• March 29, 2013

The previous two day’s posts on Minnesota Litigator have concerned two Minnesota judges sanctioning two lawyers in two separate cases (here and here).

Reputation will be the key metric of the future, Quora founder and Facebook CTO Adam D’Angelo recently told Om Malik, himself an influential intellect who runs a widely read blog called Gigaom.

But how will this phenomenon play out in our rapidly transforming legal services market?  Lawyers have always had and will always have an extremely complex product to market — legal acumen and professional judgment — and they have always been challenged in how to market the product.  We go to great lengths, sometimes foolishly, to stand out, to parade accolades, many real and many more a lot less real.  But does our access to vast quantities of information and misinformation pose a serious and, as yet, indeterminate risk for lawyers and other professionals?

Will the speed and breadth of information sharing raise professional standards by sharply raising the cost of failing to meet them?  Or will there be terrible injustices as lawyers are tainted with more-public-than-ever discipline through a medium, the internet, which lends itself to superficiality, to over-simplification, and therefore, dangerously, to as much or more misinformation than information?

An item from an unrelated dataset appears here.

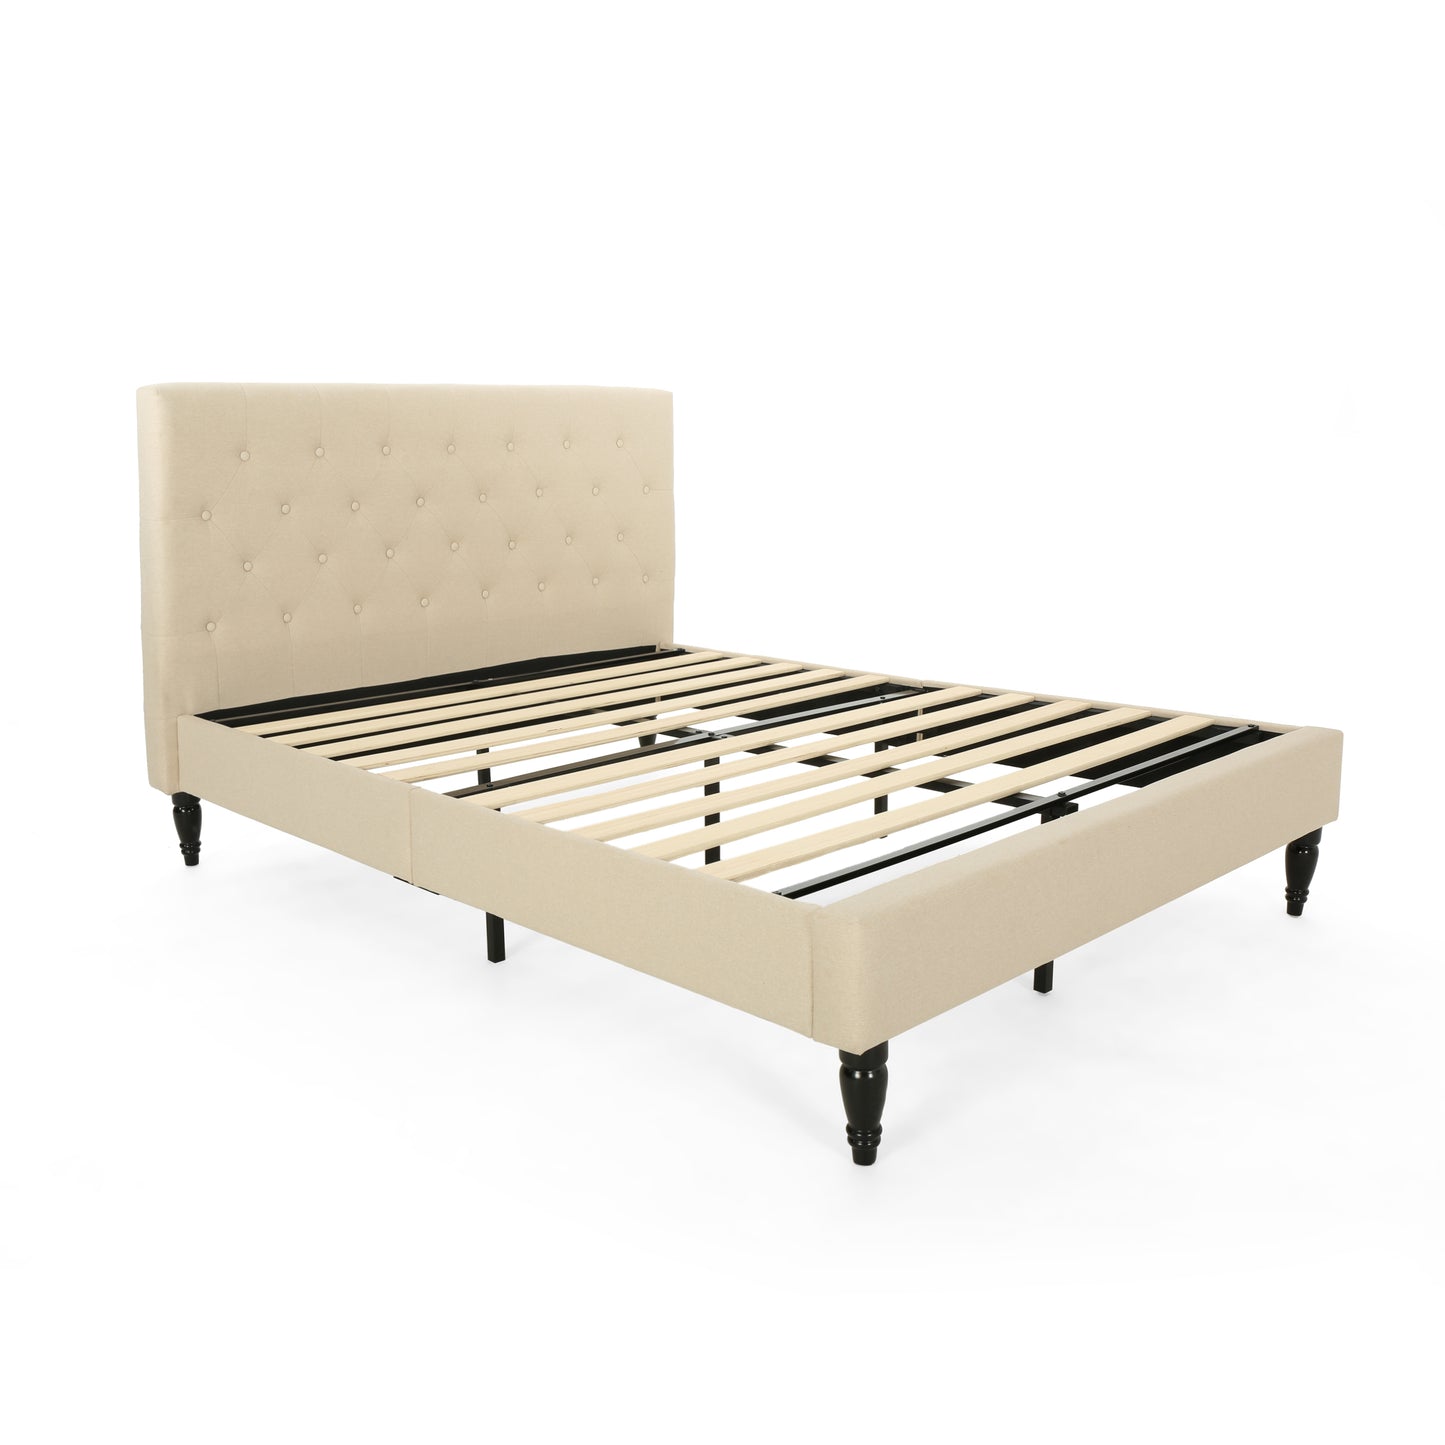 Lera Fully-Upholstered Queen-Size Platform Bed Frame, Low-Profile, Contemporary

Perhaps this will be a critical aspect to keeping very large law firms as a fixture of our legal landscape as the law firm brand, the imprimatur of a prestigious law firm name, could serve more than ever as a “seal of high quality” where other signals seem suspect.

If that is the case, then there are interesting cross-currents in our roiling legal market as lawyers, more than ever, have less need for large law firm infrastructure (and overhead) and can go out on their own as I have done.  On the other hand, without the reputational protection of a distinguished backer like a substantial law firm, the “free lance” or “independent” or “guerrilla” professional may be at the mercy of an unforgiving information superhighway, where, sometimes, innocent bystanders get side-swiped and suffer devastating and maybe permanent reputational injuries.

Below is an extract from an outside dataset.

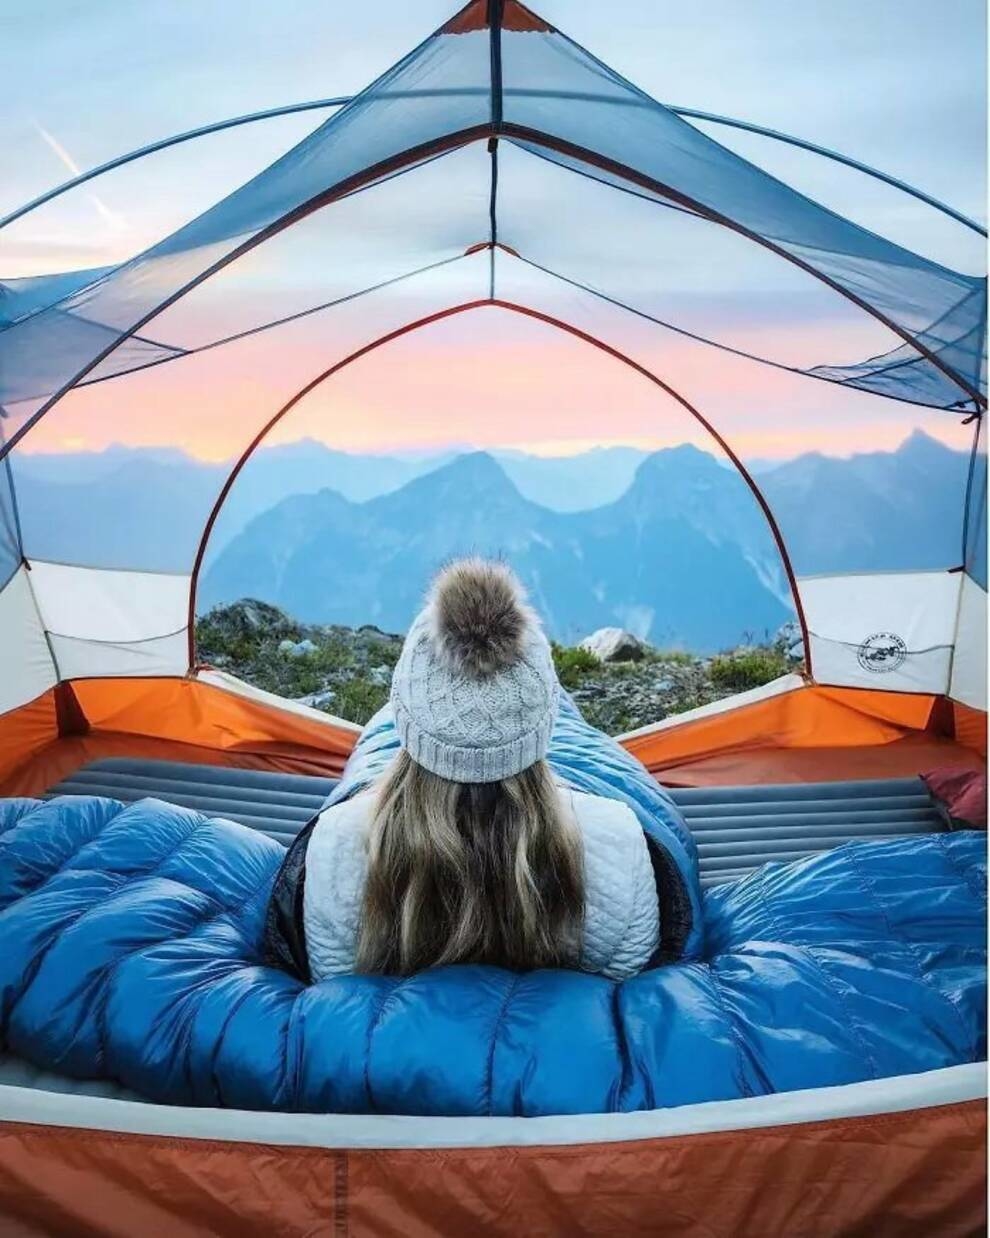 A room with a billion stars: netizens travel in transparent tents (Photos)

(As to the proliferation of small or “personal businesses” (a new term to me) in our economy, note one recent publication suggesting that, by 2020, 40% of American workers will be freelancers.  But note that the publication cites a so-called “study” but that “study” does not call itself a study nor does it identify any source (let alone a reliable one) for this prediction, another example of our mis/information age.)

(And, finally, the internet does not only mix up information with misinformation, but, due to its speed and the fact that people FEEL and RESPOND faster than they THINK, the internet makes permanent what are sometimes fleeting, impulsive, and incorrect judgments (or expertise, of morality, and so on)).

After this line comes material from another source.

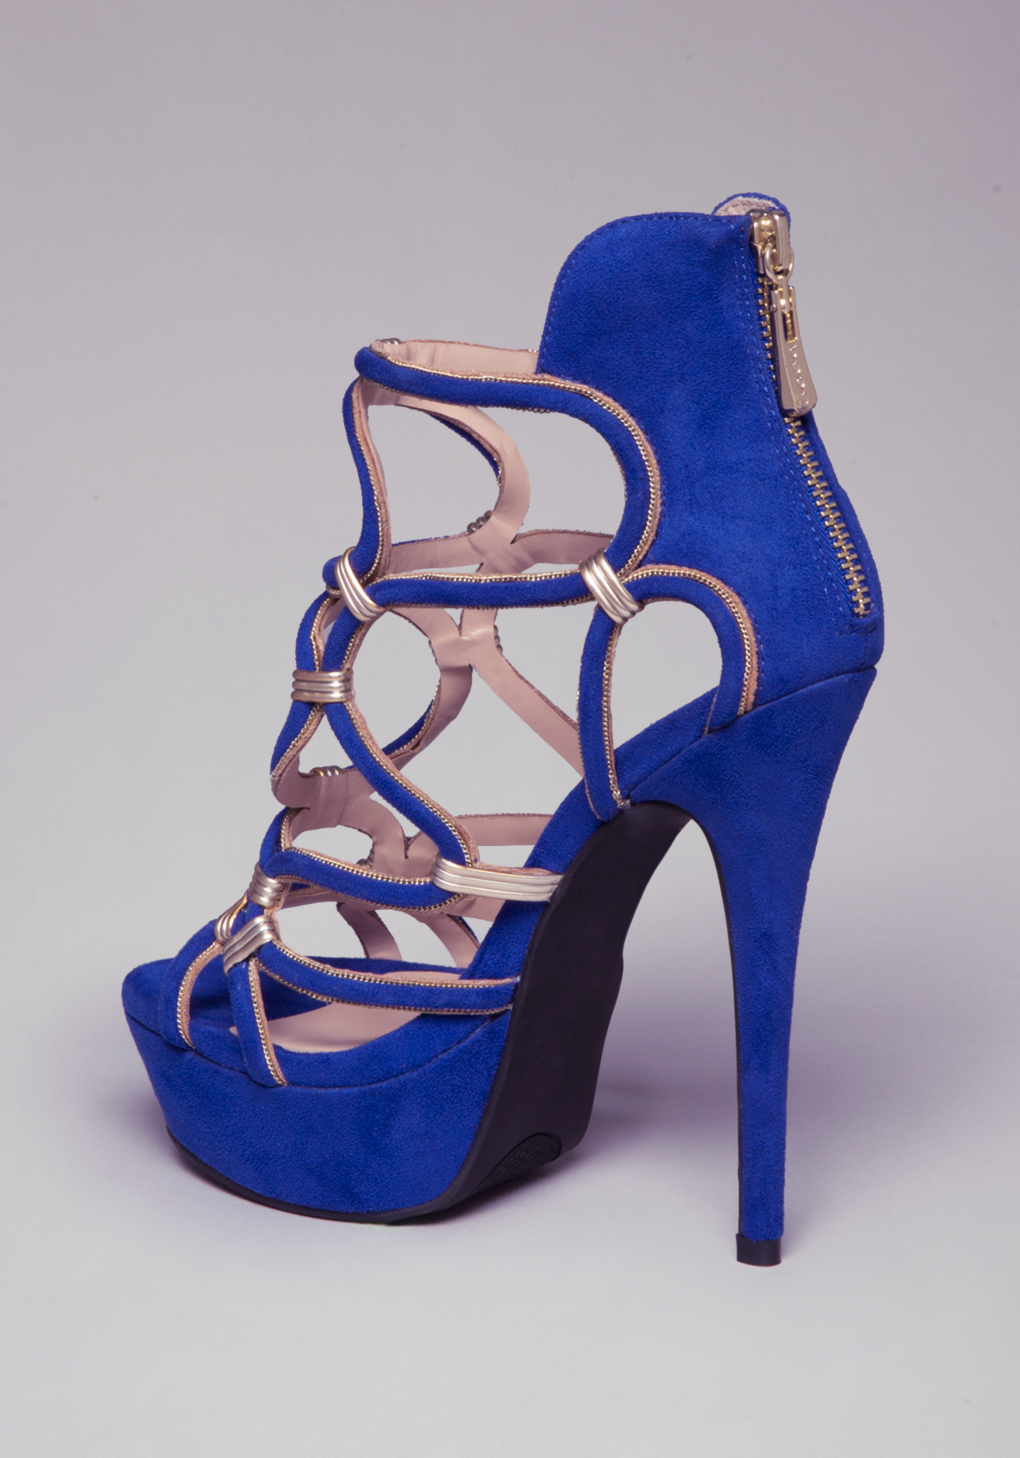 Bebe Charmaine Strappy Sandals in Blue - Lyst

Editor’s addendum: The April 3, 2013 New York Times picked up an aspect of this story in a different context in a page 1 article.  Large U.S. retailers (Target, Dollar Store, and hundreds of others) subscribe to databases of employees who have been charged with theft.  Once in that database, finding a job may be impossible.  Many are in the database because they are thieves.  Some are improperly placed in the databases.  There is no due process.  These people are digitally branded economic untouchables.  Presumably the law (or will it be the free market?) will step in to fix these injustices and inefficiencies.